This is an excellent way to explore the model’s reasoning and text generation abilities before integrating it into your applications. The playground provides immediate feedback, helping you understand how the model responds to various inputs and letting you fine-tune your prompts for optimal results.

You can quickly test the model in the playground through the UI. However, to invoke the deployed model programmatically with Amazon Bedrock APIs, you need to get the endpoint Amazon Resource Name (ARN).

Discover Mistral-Small-24B-Instruct-2501 in SageMaker JumpStart

You can access Mistral-Small-24B-Instruct-2501 through SageMaker JumpStart in the SageMaker Studio UI and the SageMaker Python SDK. In this section, we go over how to discover the models in SageMaker Studio.

SageMaker Studio is an integrated development environment (IDE) that provides a single web-based visual interface where you can access purpose-built tools to perform ML development steps, from preparing data to building, training, and deploying your ML models. For more information about how to get started and set up SageMaker Studio, see Amazon SageMaker Studio.

In the SageMaker Studio console, access SageMaker JumpStart by choosing JumpStart in the navigation pane.
Select HuggingFace.
From the SageMaker JumpStart landing page, search for Mistral-Small-24B-Instruct-2501 using the search box.
Select a model card to view details about the model such as license, data used to train, and how to use the model. Choose Deploy to deploy the model and create an endpoint.

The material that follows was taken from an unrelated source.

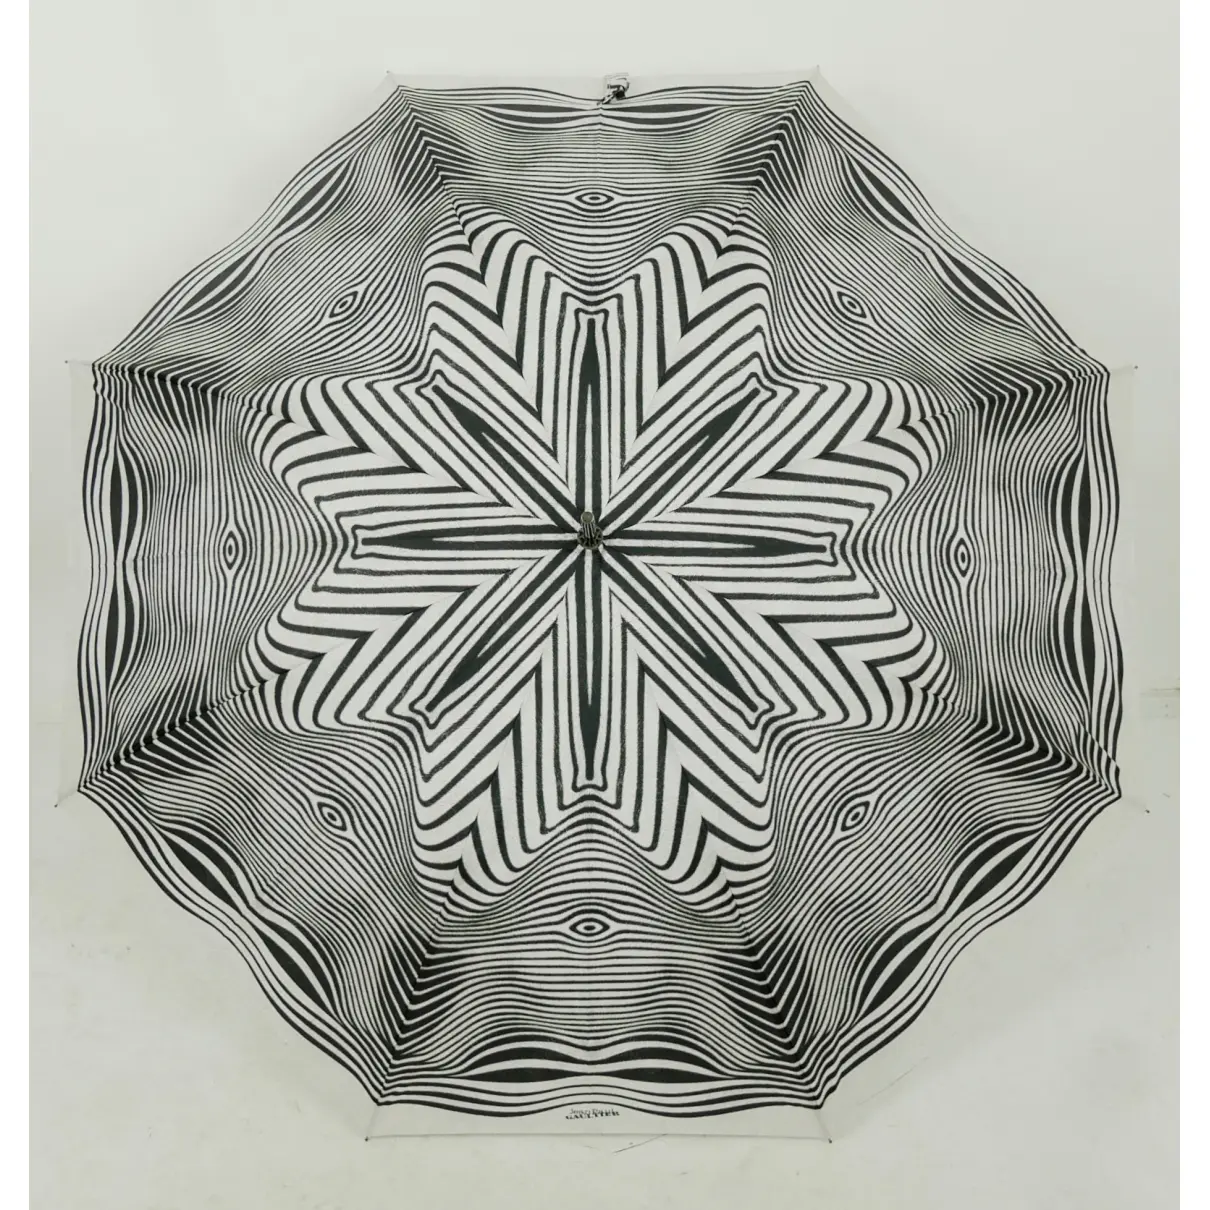 Buy Jean Paul Gaultier Umbrella online - Vintage

Deploy Mistral-Small-24B-Instruct-2501 with the SageMaker SDK

Deployment starts when you choose Deploy. After deployment finishes, you will see that an endpoint is created. Test the endpoint by passing a sample inference request payload or by selecting the testing option using the SDK. When you select the option to use the SDK, you will see example code that you can use in the notebook editor of your choice in SageMaker Studio.

To deploy using the SDK, start by selecting the Mistral-Small-24B-Instruct-2501 model, specified by the model_id with the value mistral-small-24B-instruct-2501. You can deploy your choice of the selected models on SageMaker using the following code. Similarly, you can deploy Mistral-Small-24b-Instruct-2501 using its model ID.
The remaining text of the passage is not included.